I went nude this weekend. I needed to banish my emotional burdens and strip down to my source. When I soak in the hot springs in Calistoga, the water takes off more than just a layer of my skin; it lets me be around other naked bodies without judgment, something that didn’t always come naturally. In fact, I still wrap a sarong around me when I strip down in the co-ed changing room out of habit. By the time I step into the Warm Pool, or emerge from the Hot Pool, I’ve let it all go. I splash down the stairs as if I own the place, or at the very least, my body.
Nancy Amanda Redd would have been proud of me. As a twenty-six year old former Miss Virginia, she set out to create a revolution as to how we view our own bodies, and her new book, Body Drama, is a big step in a healthy direction.

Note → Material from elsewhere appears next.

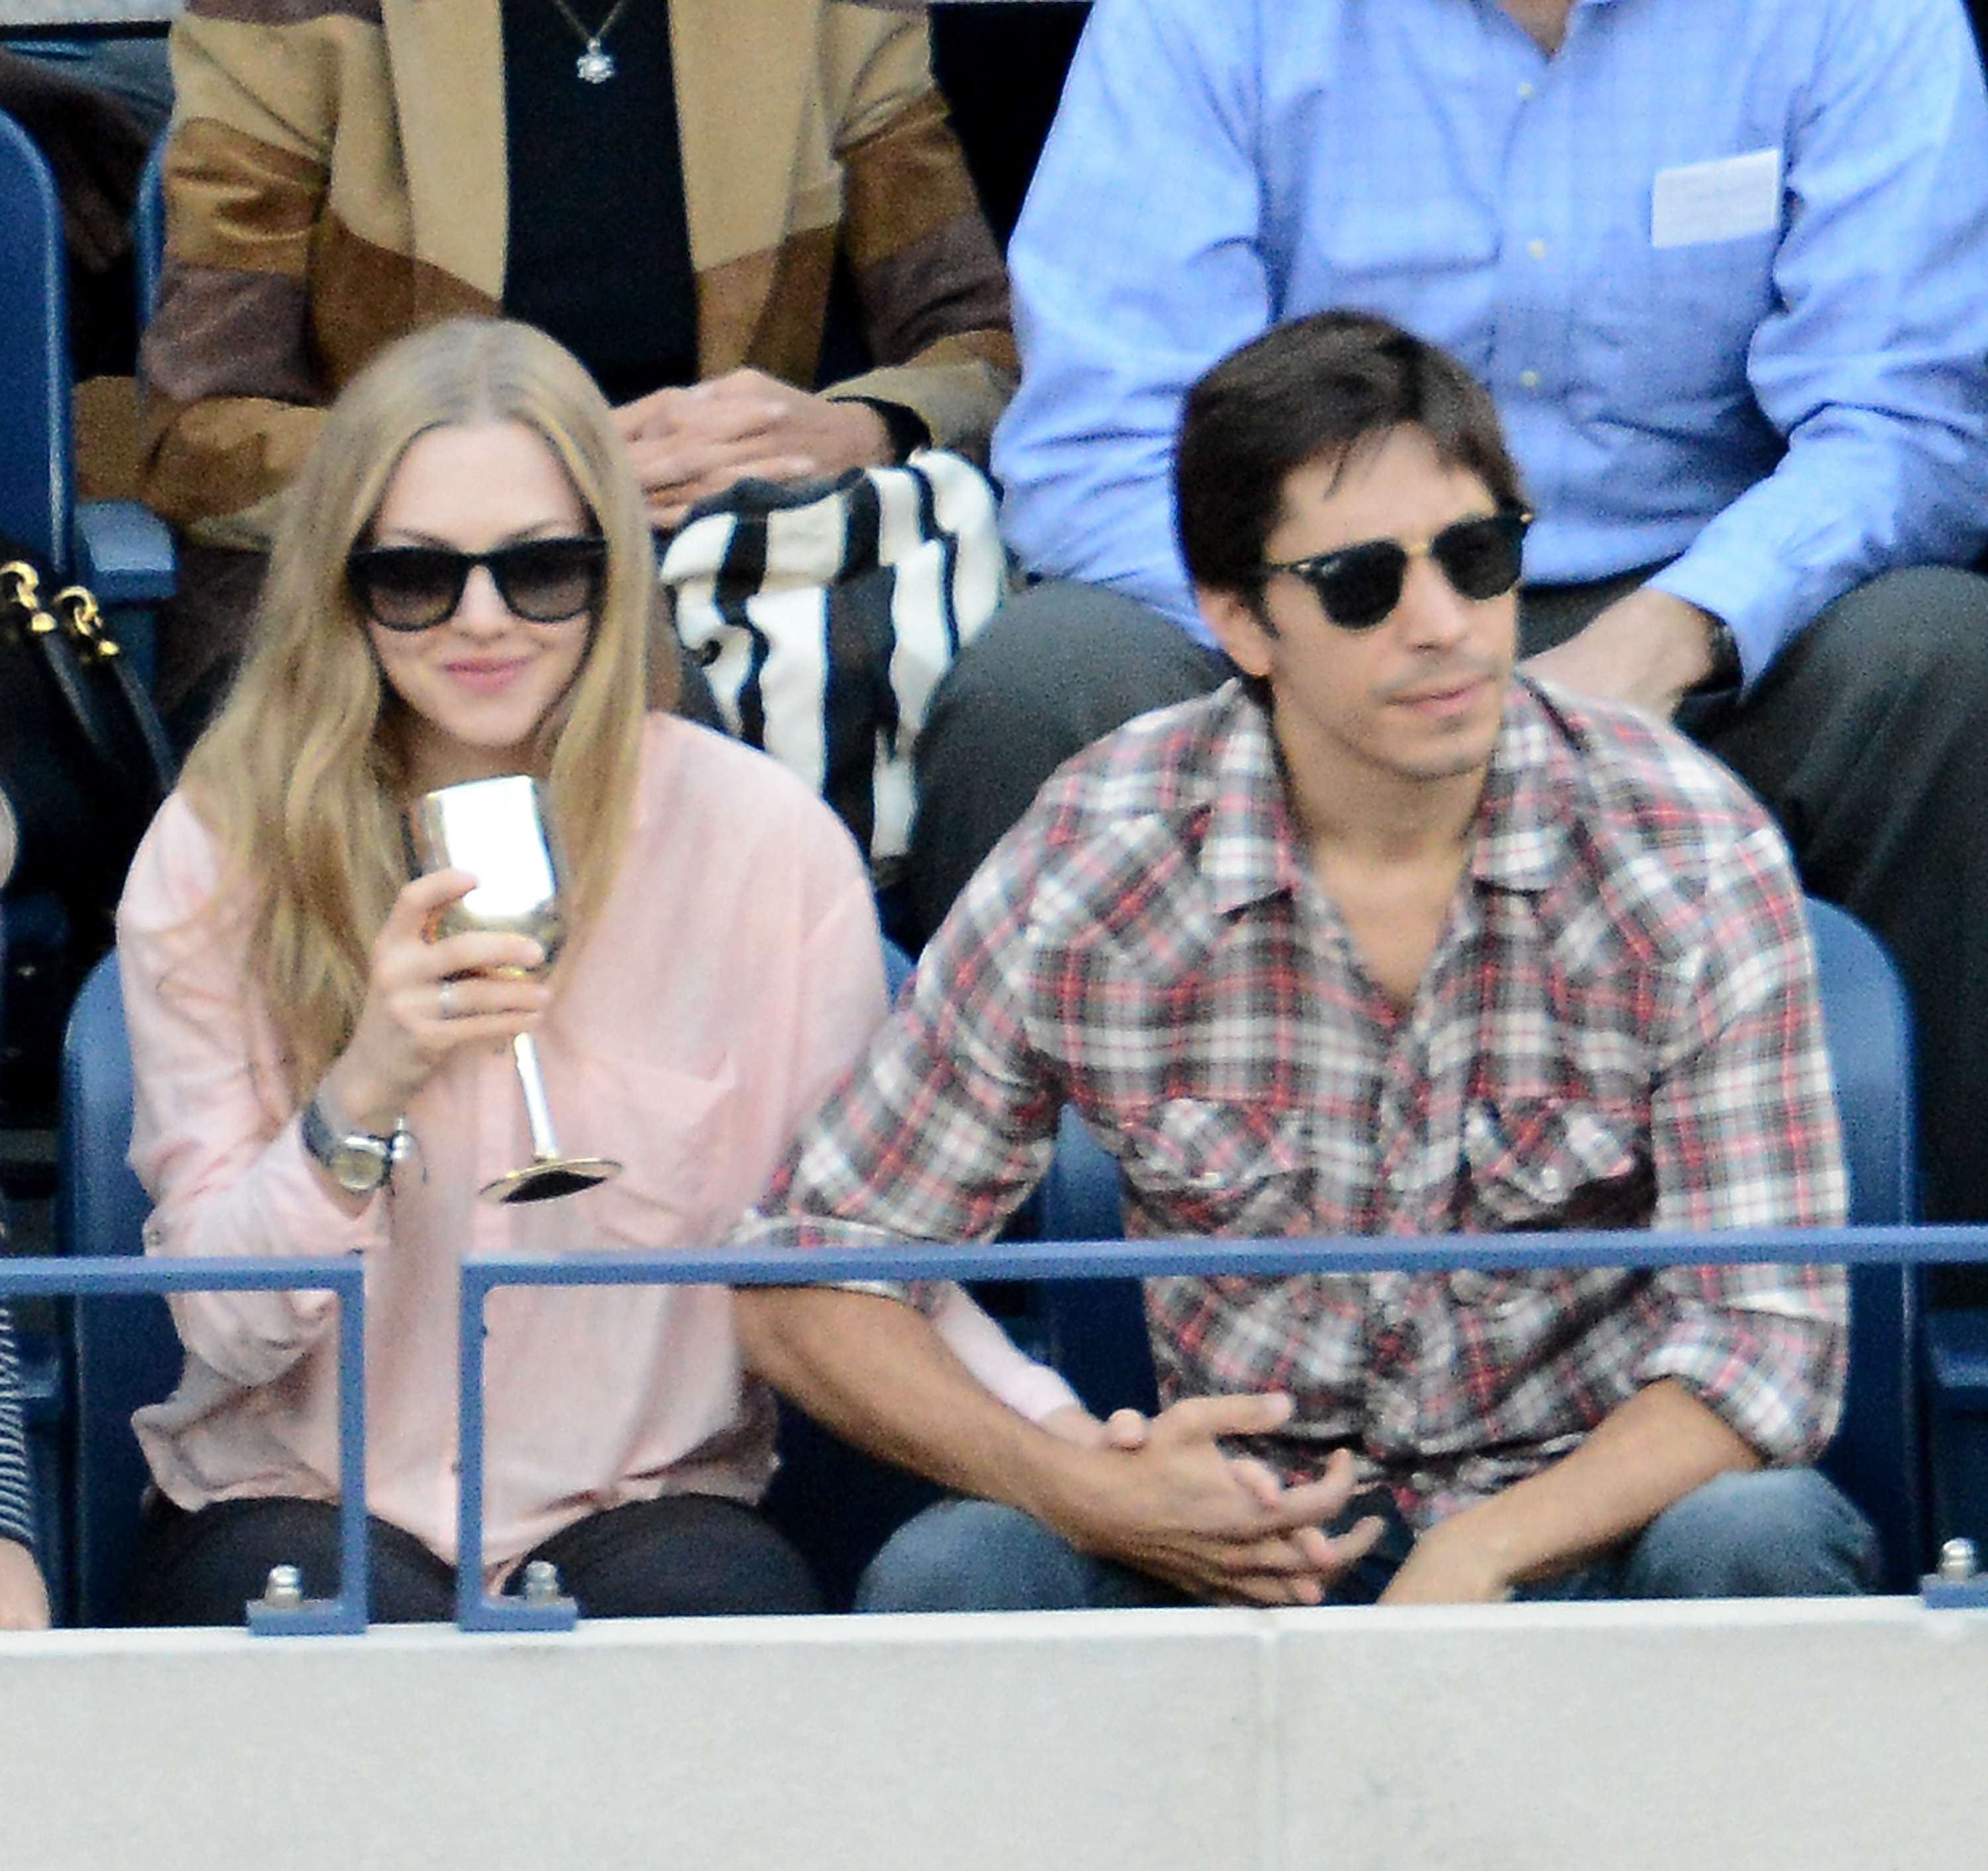 Actress Amanda Seyfried (L) and Justin Long attend The Moet & Chandon Suite at USTA Billie Jean King National Tennis Center on September 9, 2013 in New York City.  (Photo by Brad Barket/Getty Images for Moet & Chandon)

As I flipped through Body Drama, which is filled with straight body facts and photos of real women with real bodies, I found a chapter called “Down There,” which has a photographic spread of twenty-four different vulvas. I knew we had to talk.

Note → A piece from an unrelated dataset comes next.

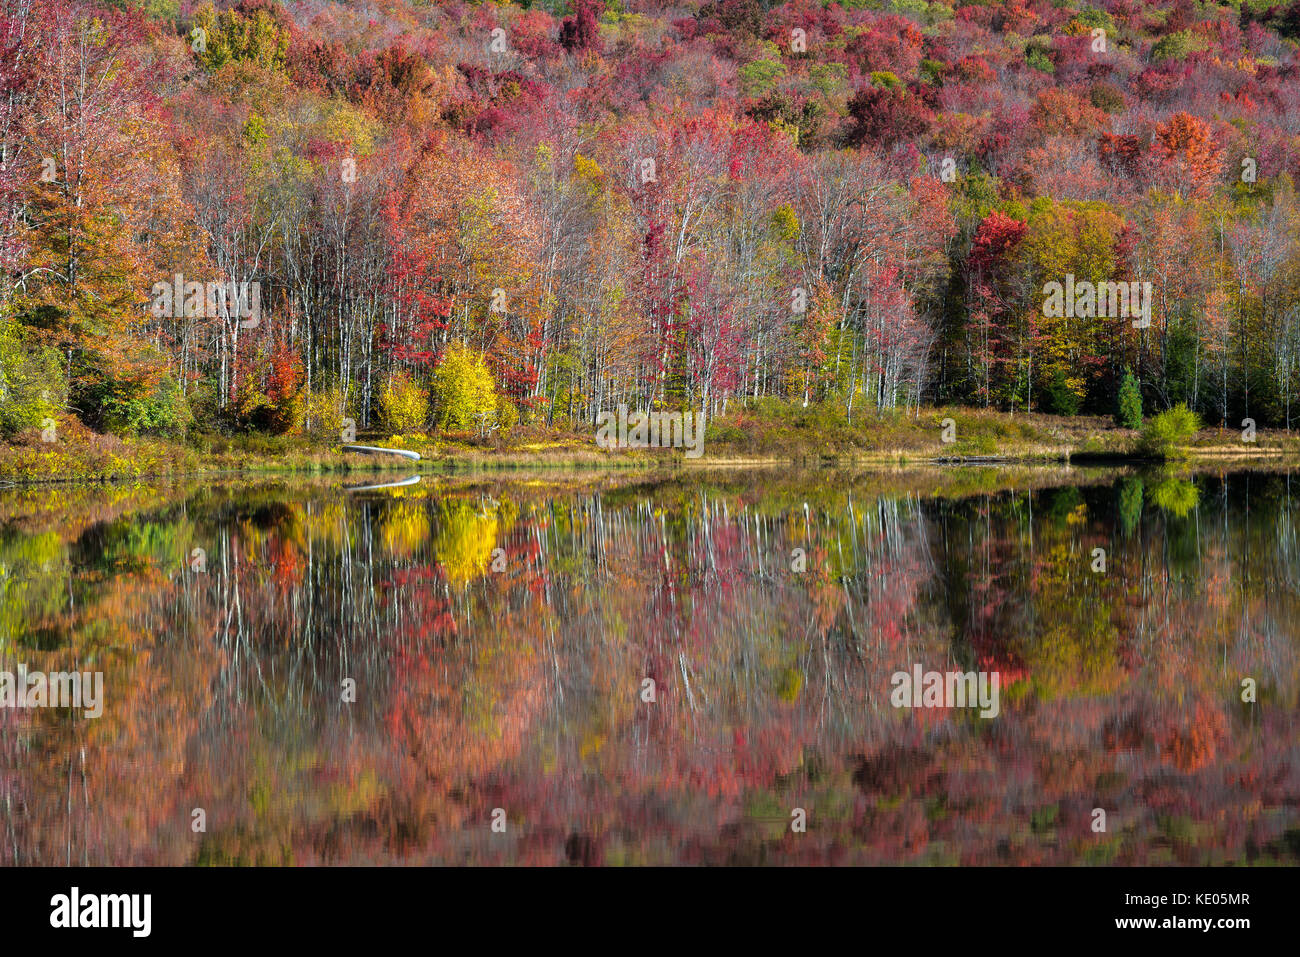 Colorful autumn foliage reflects on the smooth surface of a mountain lake in the Canaan Valley, West Virginia, USA Stock Photo

Nancy, a twenty-six year old from rural Virginia who graduated with honors from Harvard, spoke to me from a publicity tour in New York. She said she knew by twenty-four that no book or magazine in print spoke to who she was.

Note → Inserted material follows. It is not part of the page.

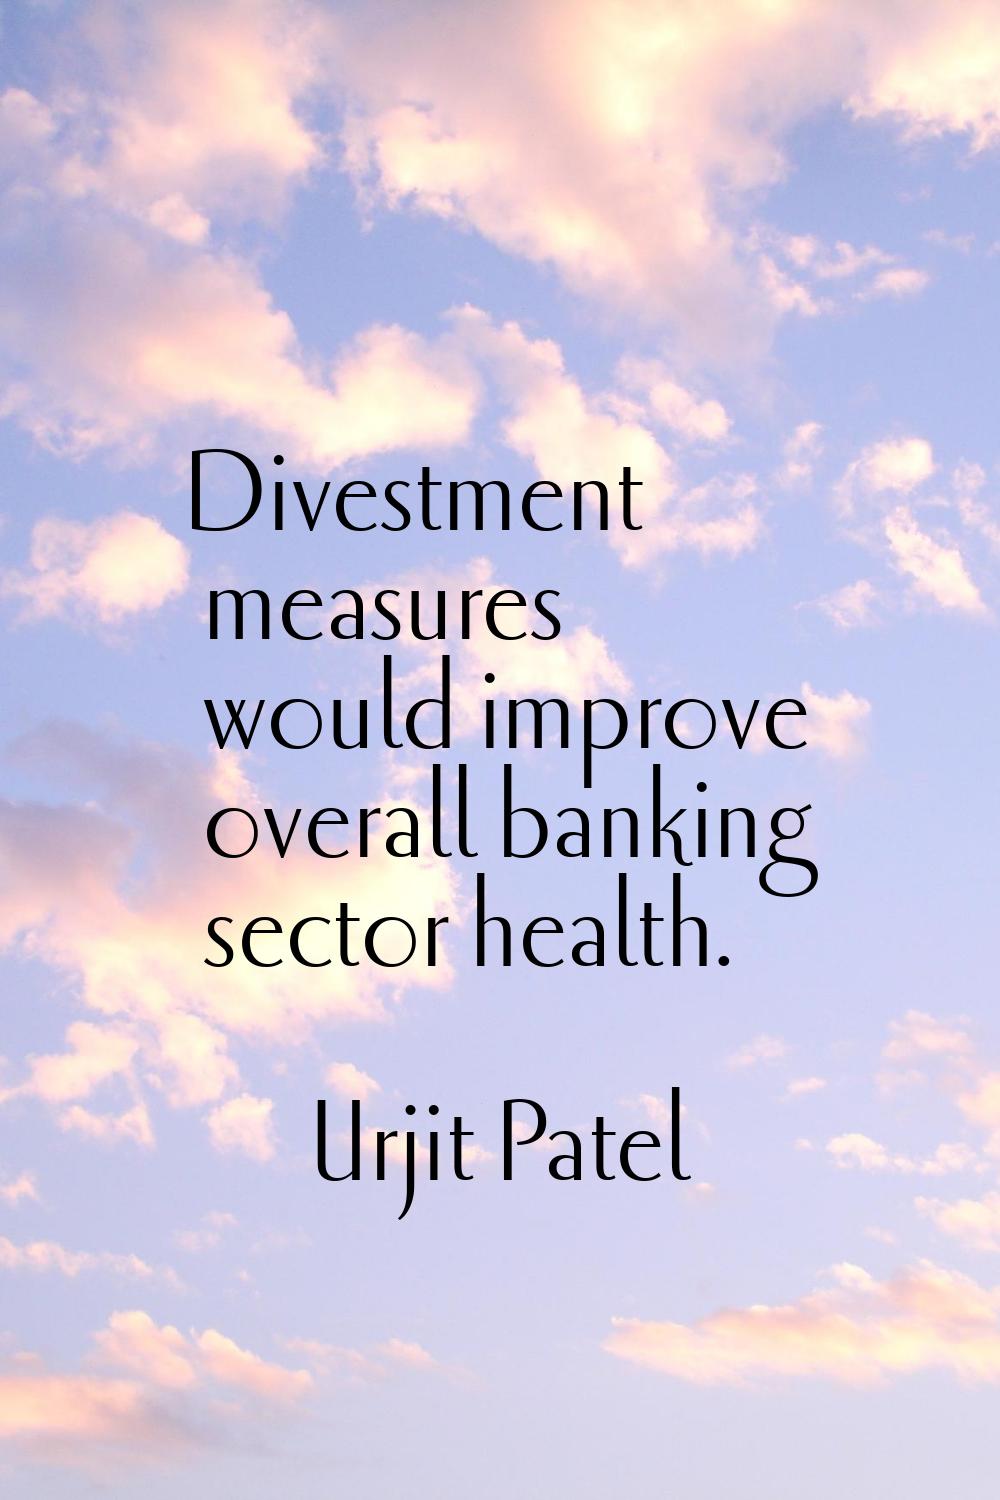 Divestment measures would improve overall banking sector health.

“Every listing on Craigslist says ‘No Drama,’” she says, and that’s what inspired the title. “I wanted something that was modern that girls could be empowered by, [the word] drama makes it fun. There are different types of body drama. Our society focuses on the physical, but even before the size of my butt, I was having issues with my smell.”
Nancy, who got her period at the young age of ten, didn’t know that the smell she noticed was discharge, because no parent or teacher or mentor had ever told her what discharge was.